= Kırmızı =

Kırmızı (Red) is a Turkish Anatolian heavy metal band founded in Istanbul in 2005 by Idil Çağatay and Aslı Polat. They have been seen to "cultivate an image of female power and strength". On 5 October 2011 they performed on the CNN International show Inside the Middle East.

==Composition==
In March 2010 the line-up was reported as İdil Çağatay on vocals, Fulya Akgün on guitar, Aslı Polat on drums, and Başak Gün on bass.

==Music==
Their first single, named “Kırmızı” came out in 2010. After they published the music videos of “Veda Etme” and “Kırmızı”, they become more popular.

In 2011 they released Turkey’s first all female band album, Isyan (Rebellion). The first music video of the album was “Çekilin Başımdan”, which was a duet with Hayko Cepkin.
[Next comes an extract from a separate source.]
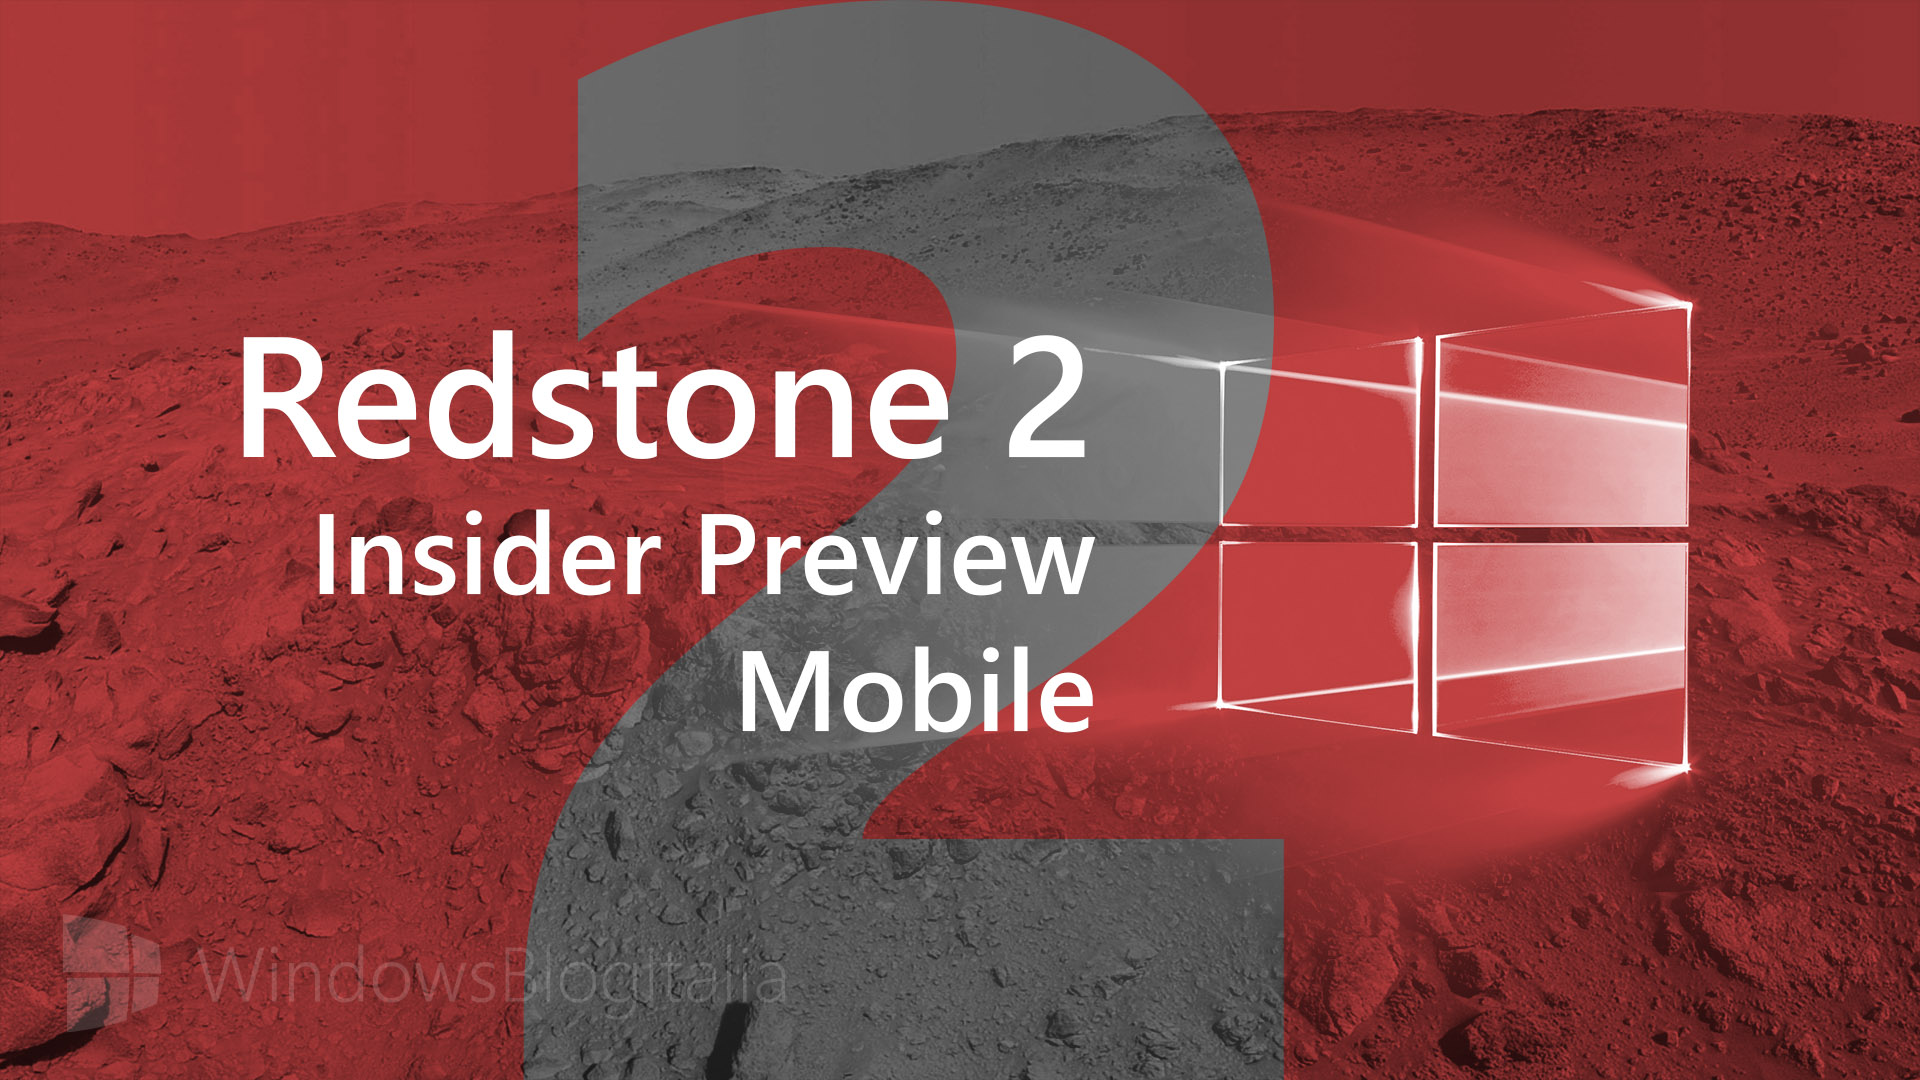 Redstone 2 mobile

The second music video of the album was “Geri”.

In 2012 they made an underwater performance music video for their song “Elveda”, for which İdil Çağatay took scuba diving lessons.

The band was invited to perform at one of Europe's major world music festivals, Festival Mundial in the Netherlands.

==Activism==
Kırmızı supported the “100.000 SMS Against Violence” campaign of “Fight against Domestic Violence” platform by dedicating a song named “Araf” to all violated women in Turkey.